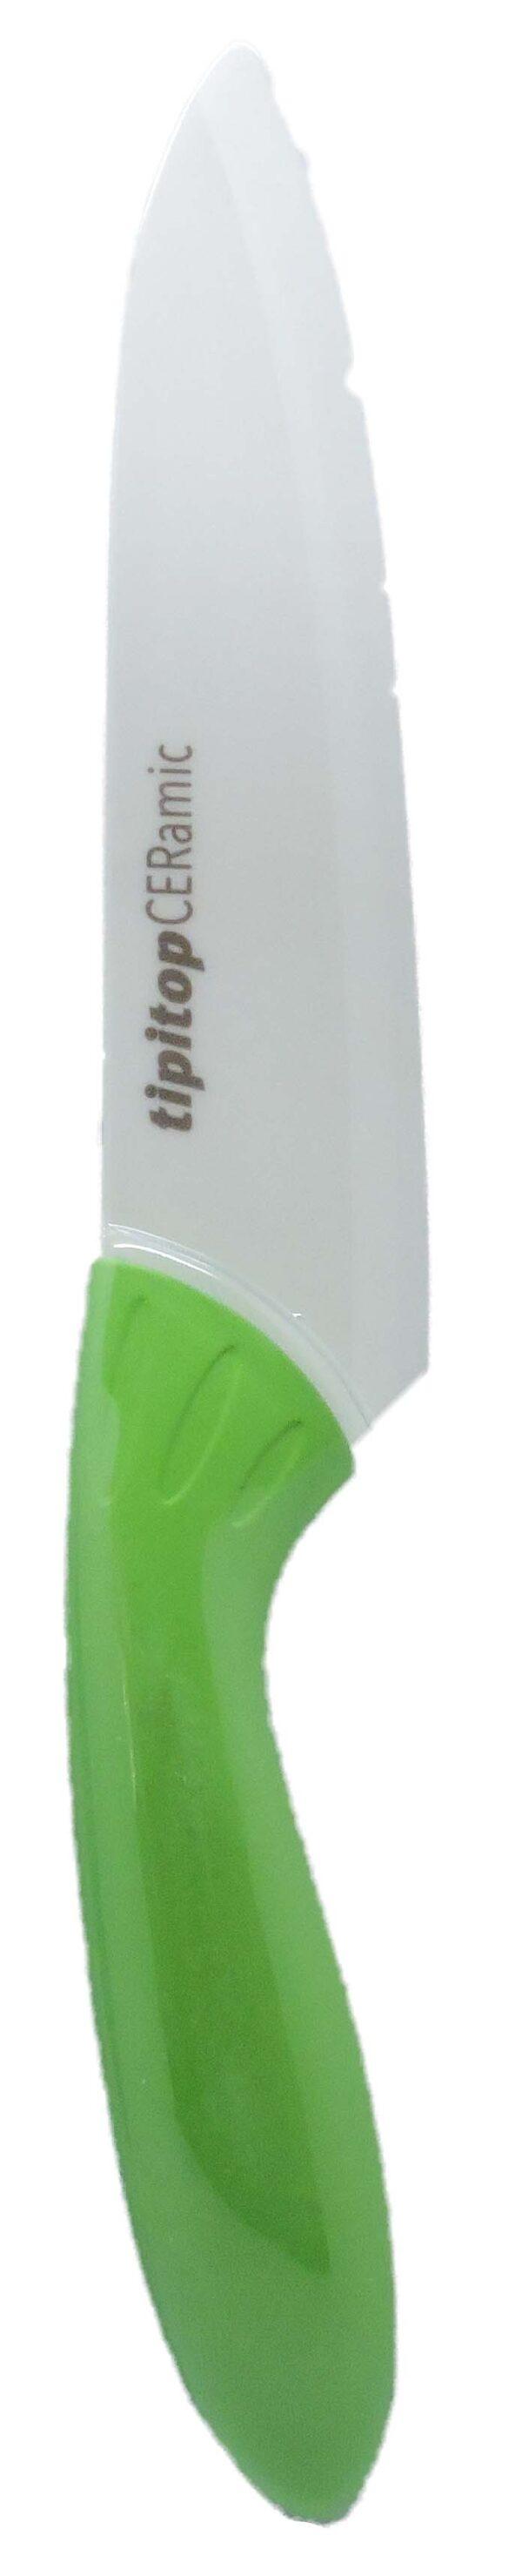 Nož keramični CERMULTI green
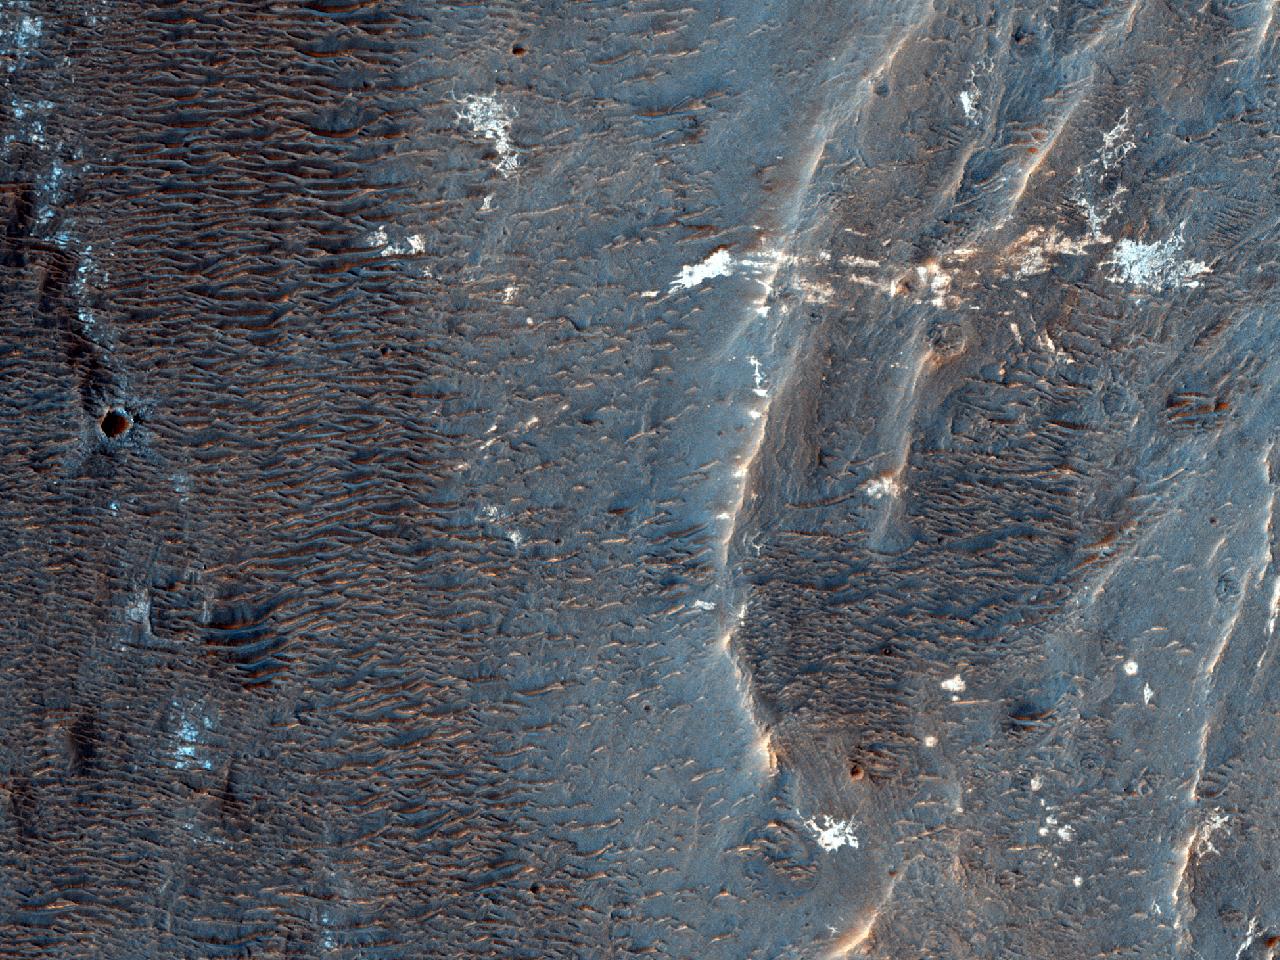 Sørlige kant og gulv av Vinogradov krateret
========================================
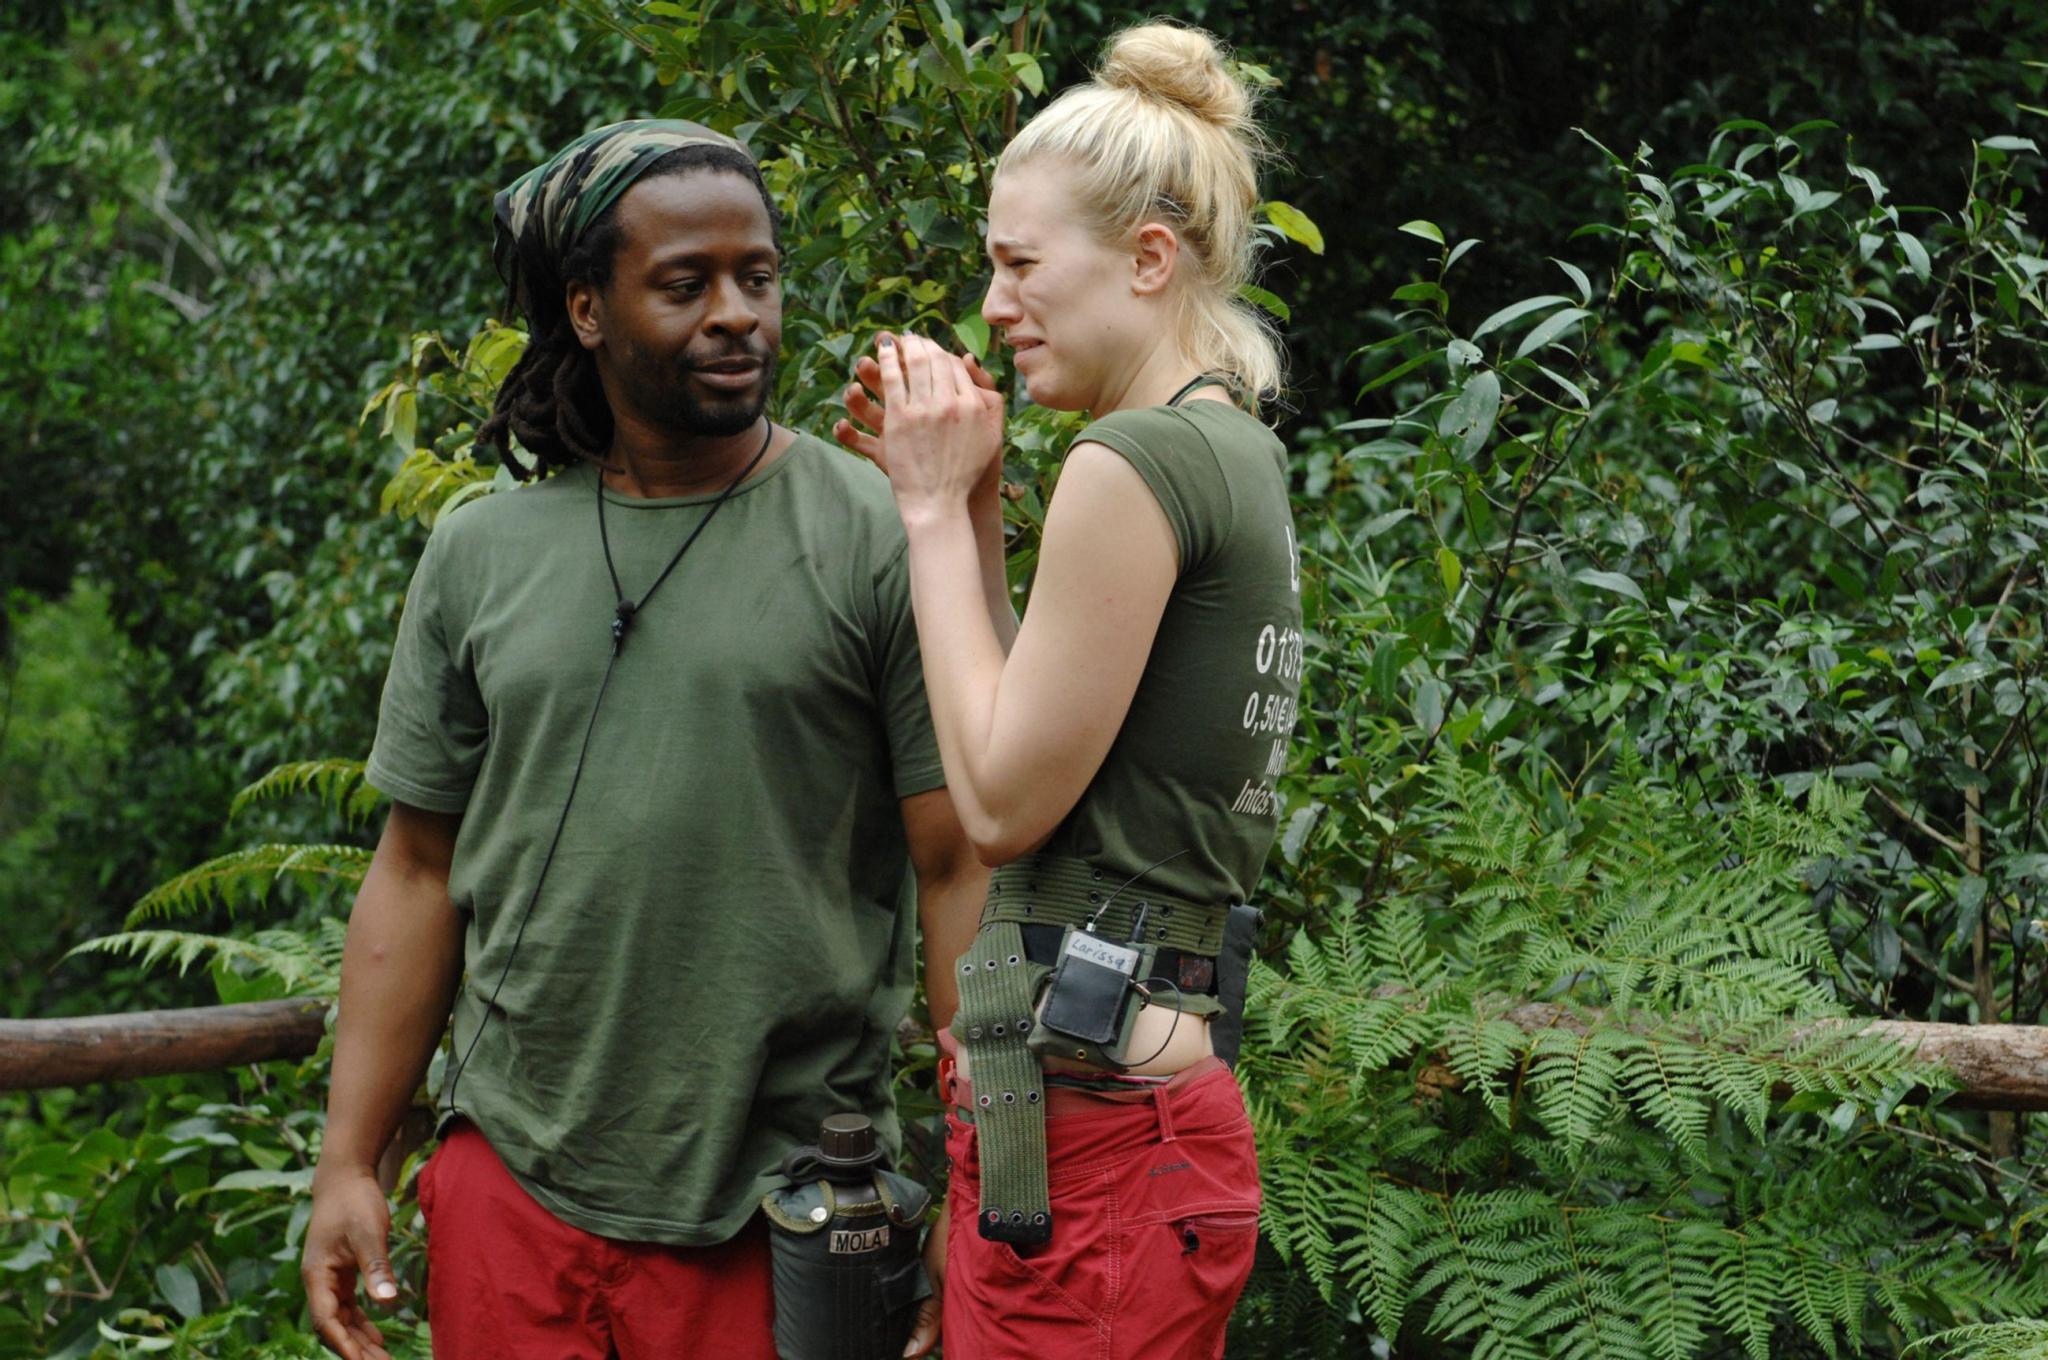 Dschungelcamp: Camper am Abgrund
========================================
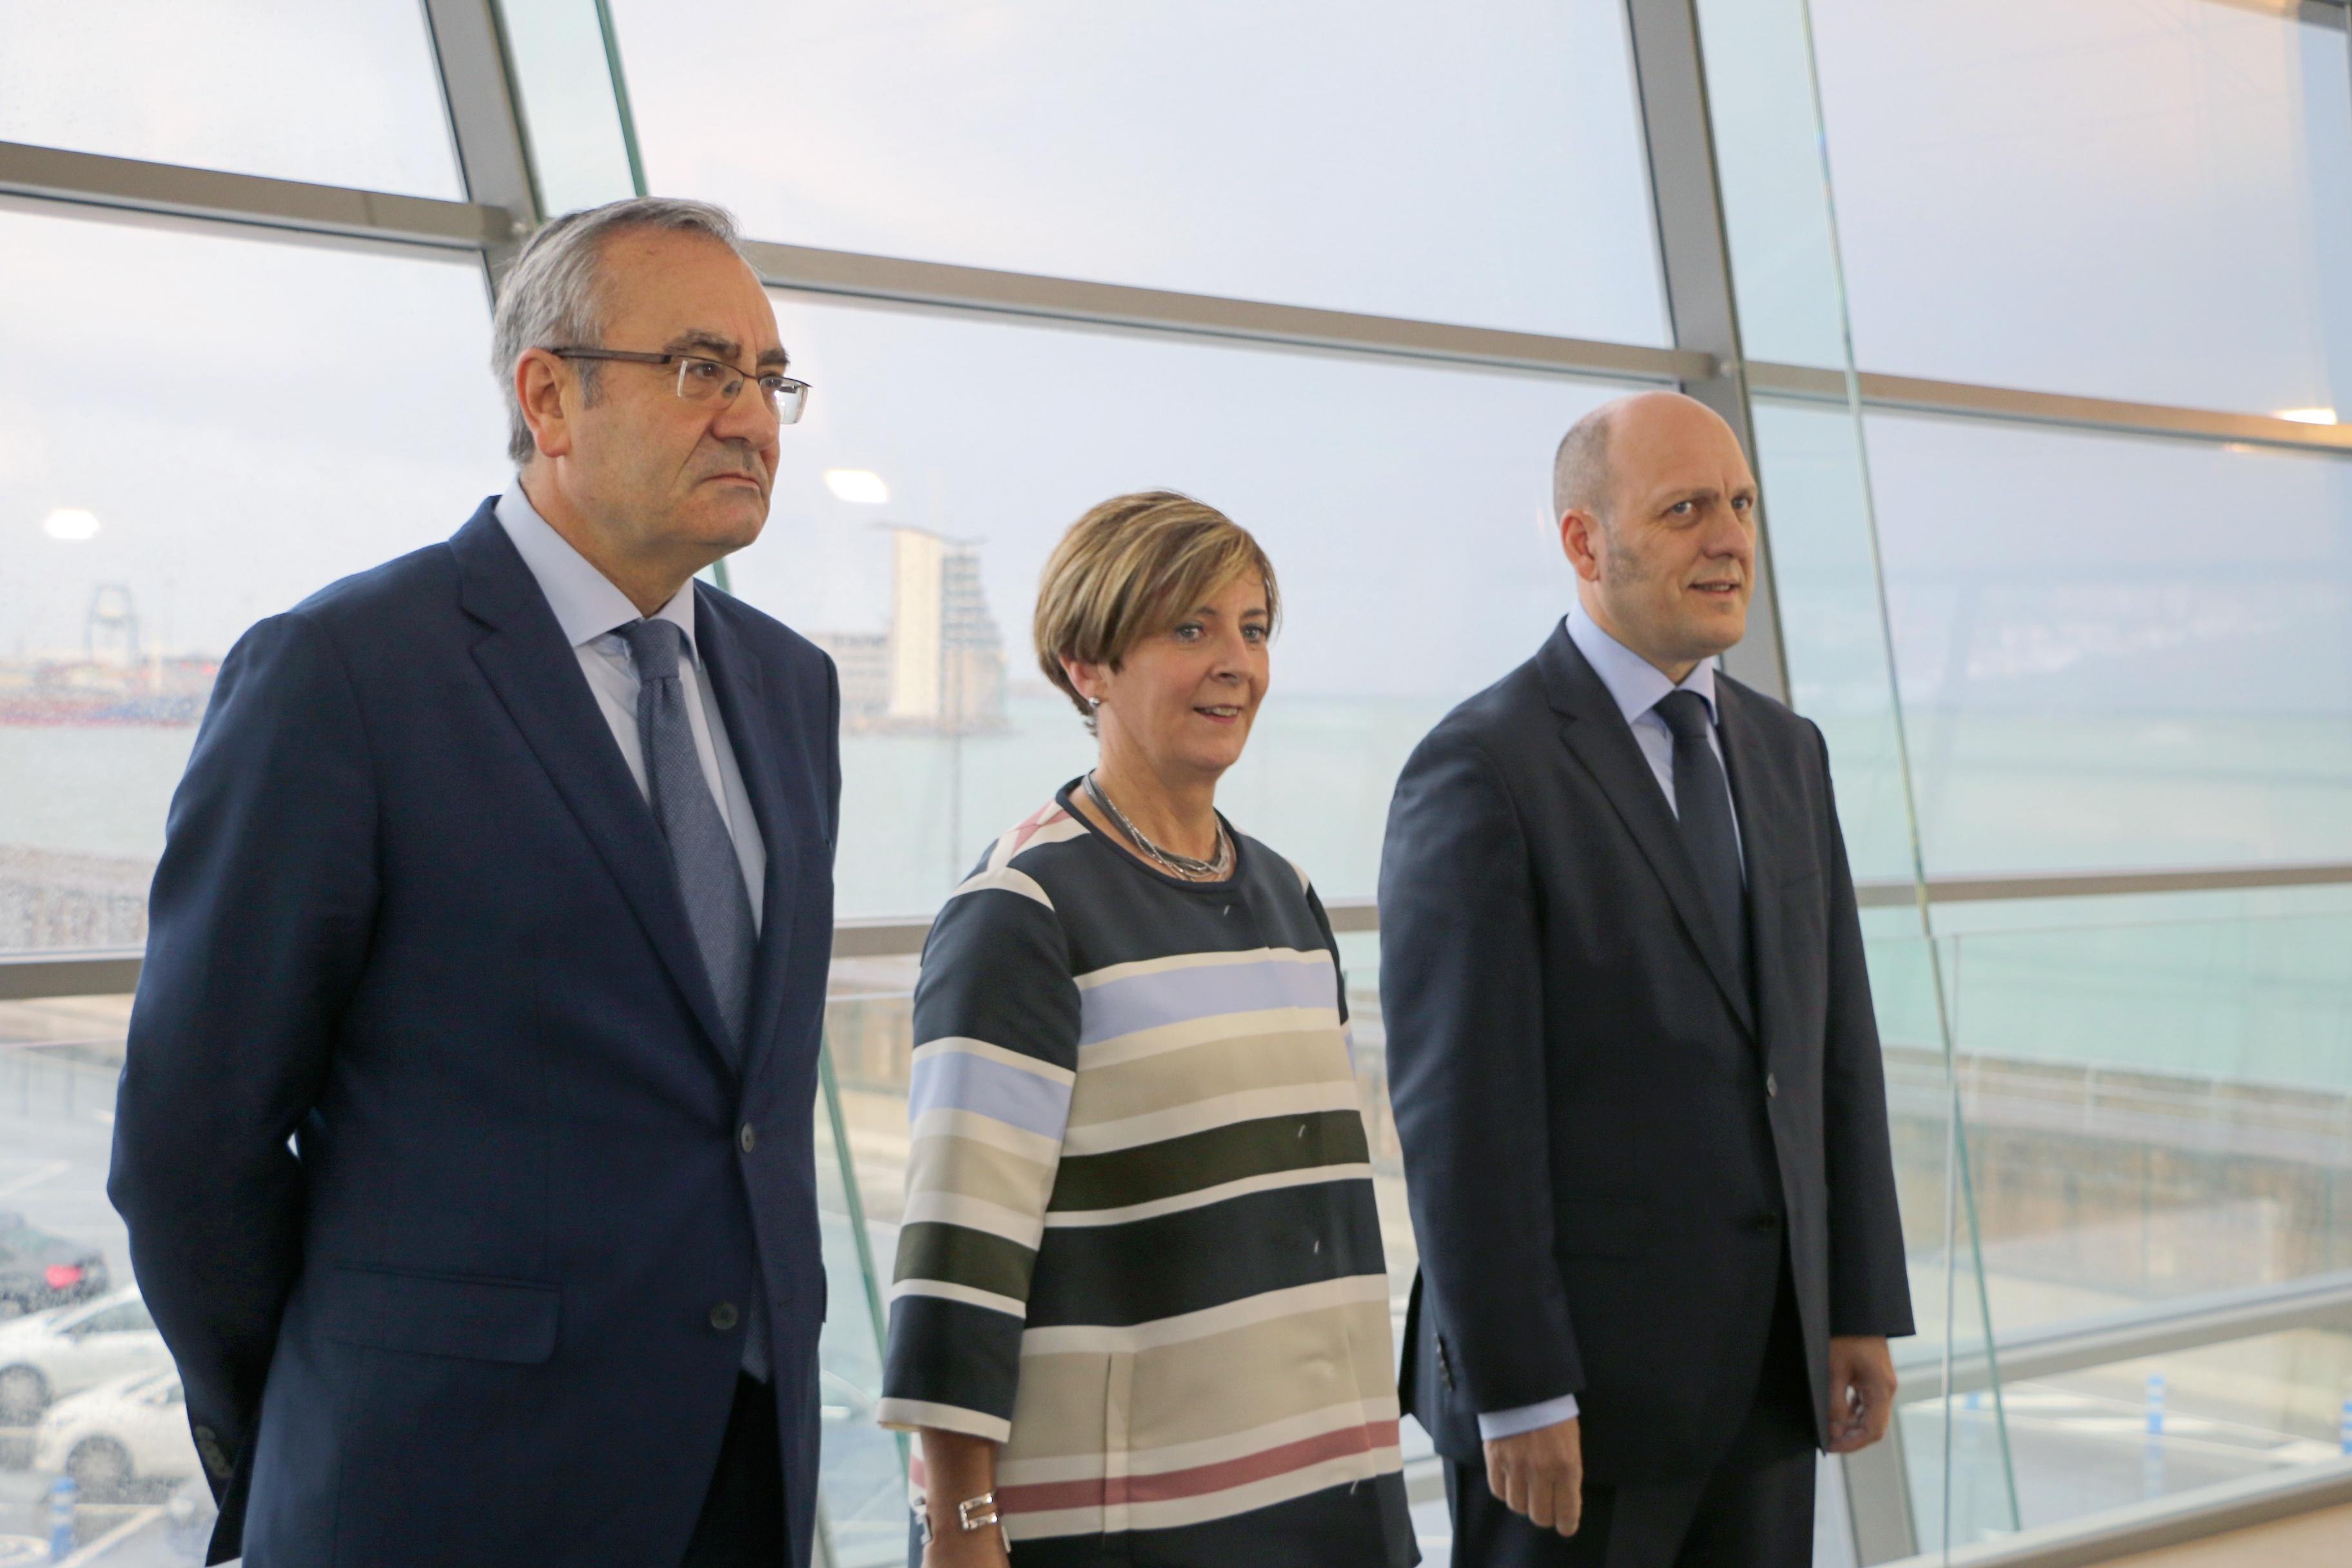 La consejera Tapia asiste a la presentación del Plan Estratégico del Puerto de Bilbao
========================================
Brief
Restate word for word every line from the one with "Nož keramični CERMULTI green" up to and including the one with "Sørlige kant og gulv av Vinogradov krateret" in the records above, minus the pictures.

Exercise output
 Nož keramični CERMULTI green
 Sørlige kant og gulv av Vinogradov krateret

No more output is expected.